*EXERCISE DATA:*
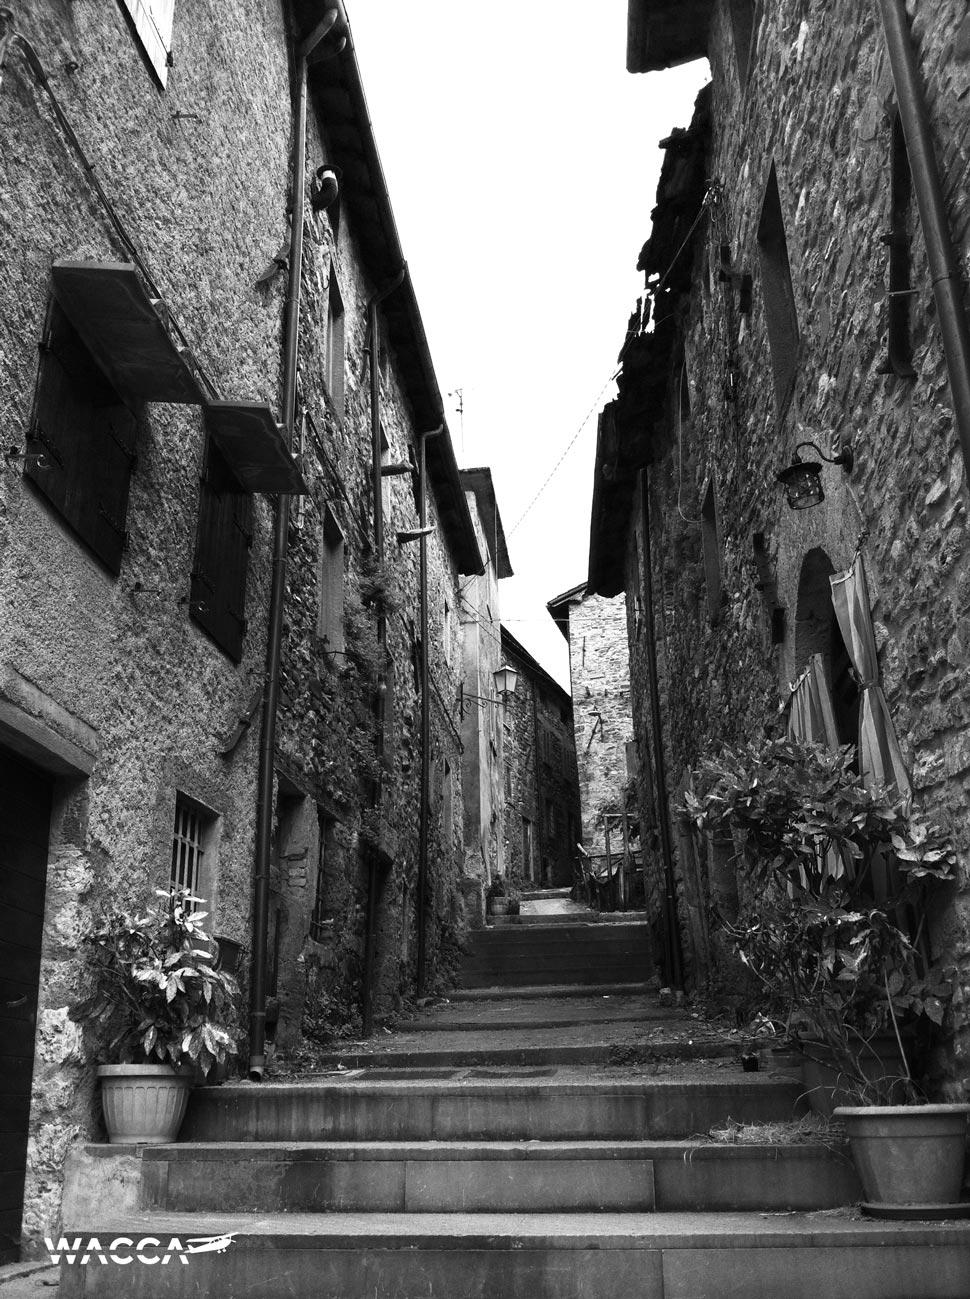 toscane-lagoroadtrip-wacca-06
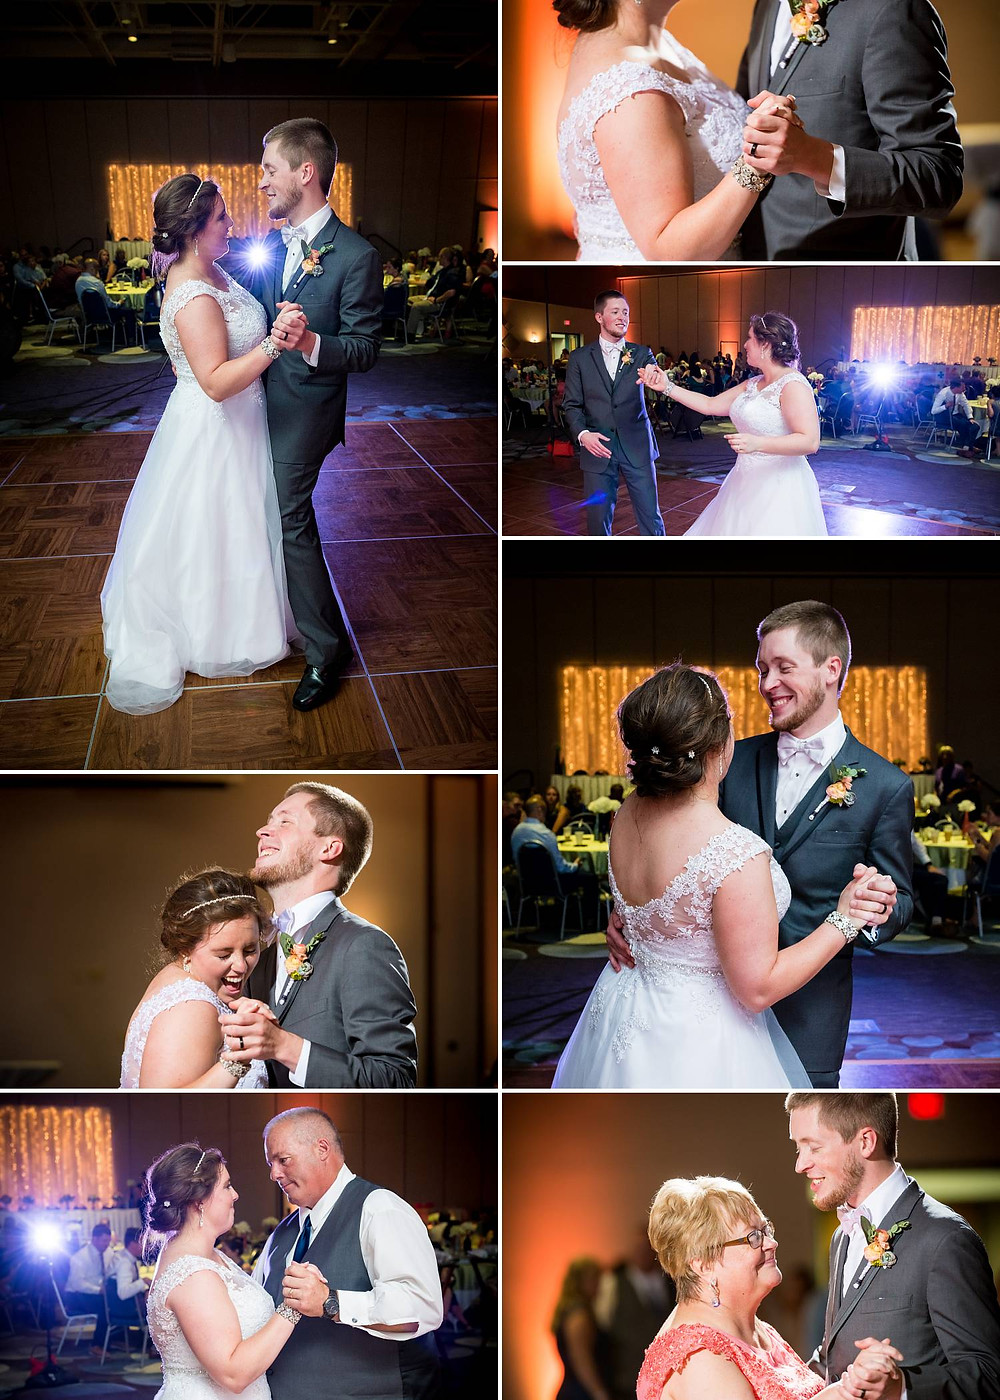 Oshkosh Convention Center Wedding First Dance | Lanari Photography
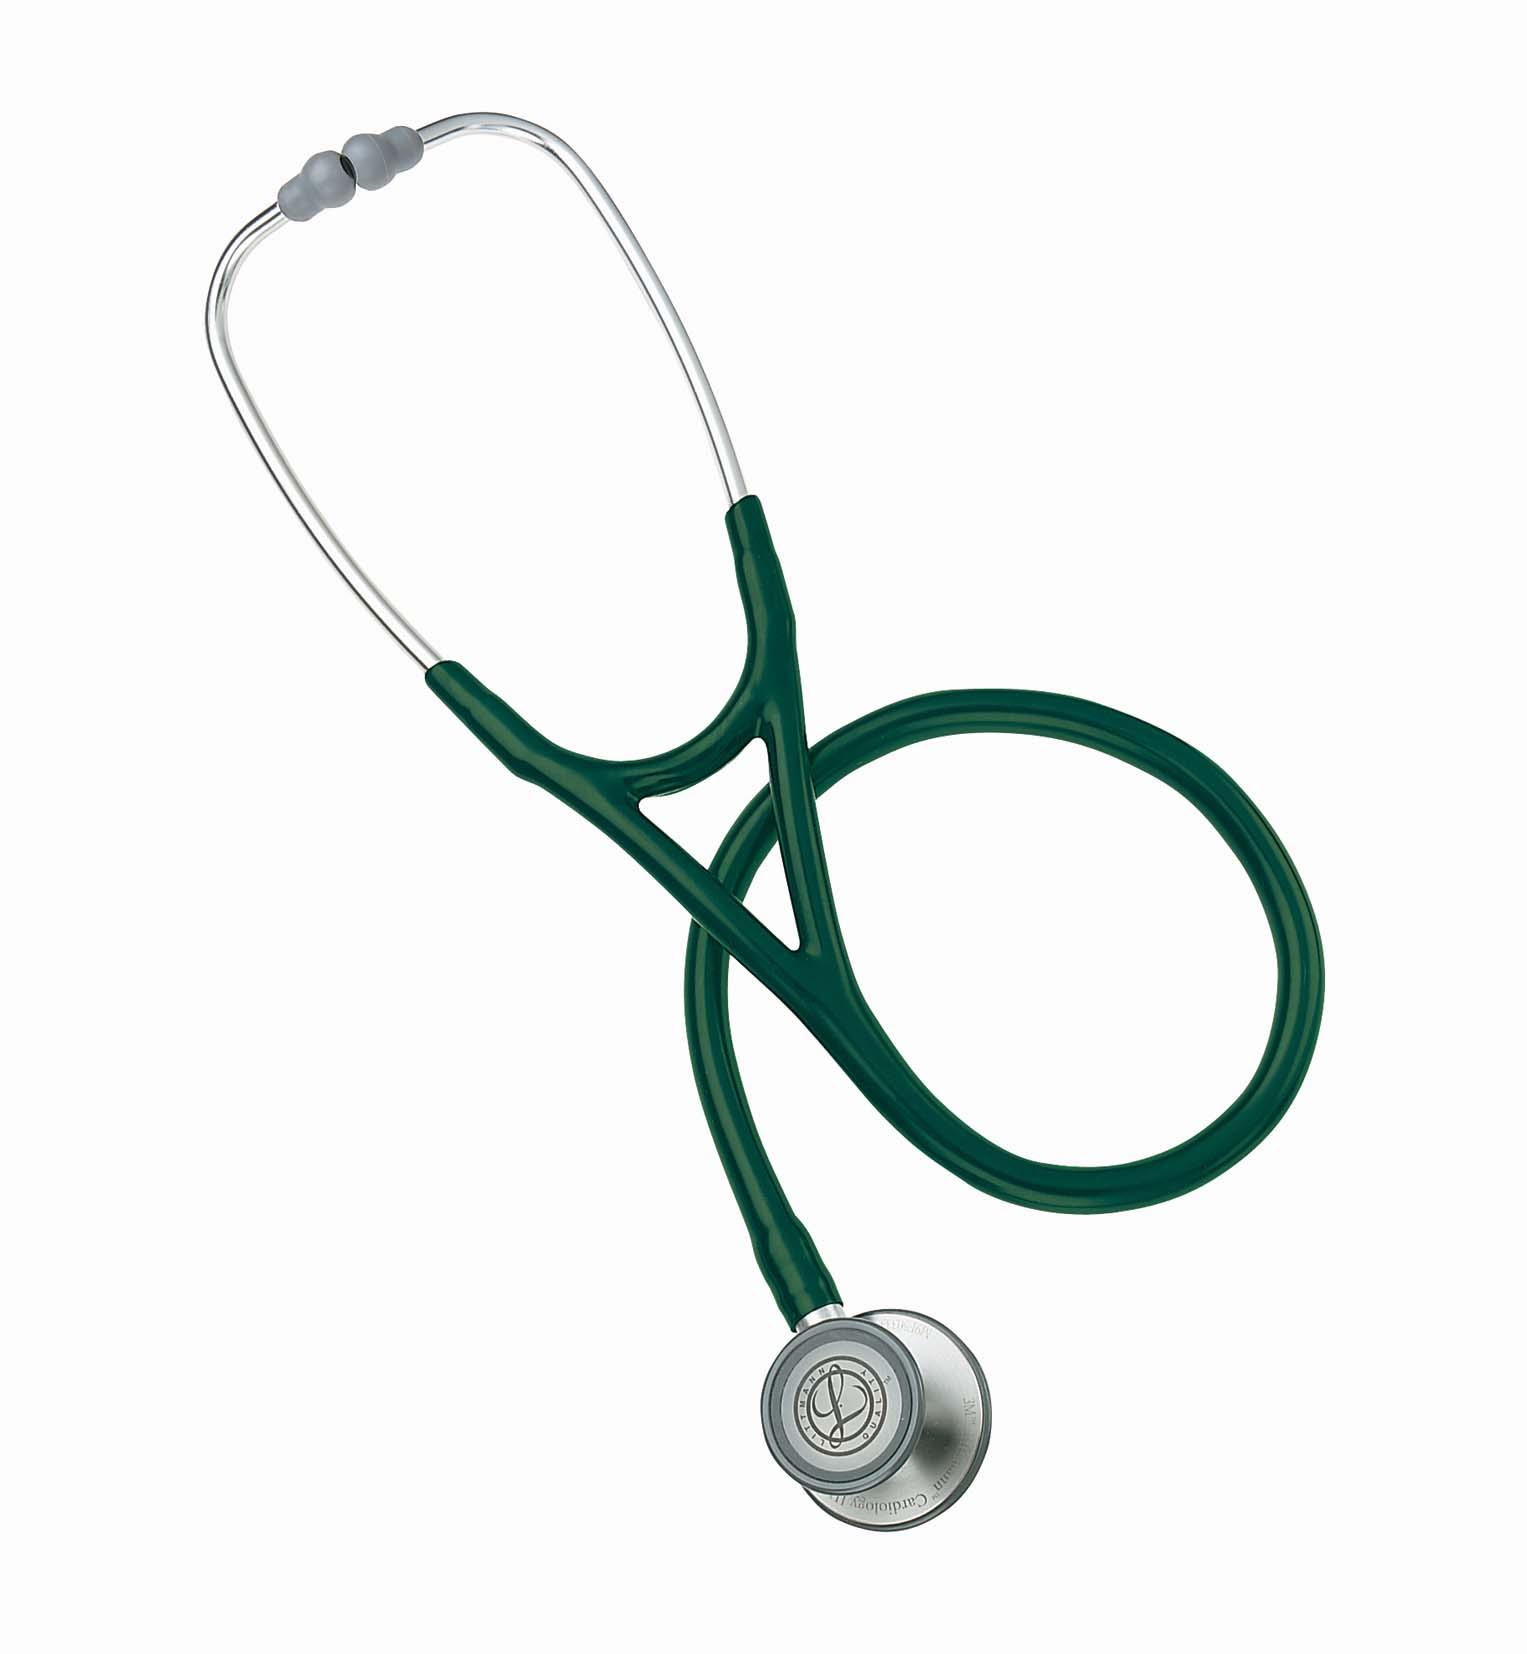 littmann-cardiology-iii-stethoscope-adult-black-3128-12-312-020-lr.jpg

*EXERCISE OBJECTIVE:* The pictures in the listing above are to be dropped, and everything else reproduced exactly.

*WRITTEN RESPONSE:*
 toscane-lagoroadtrip-wacca-06
 Oshkosh Convention Center Wedding First Dance | Lanari Photography
 littmann-cardiology-iii-stethoscope-adult-black-3128-12-312-020-lr.jpg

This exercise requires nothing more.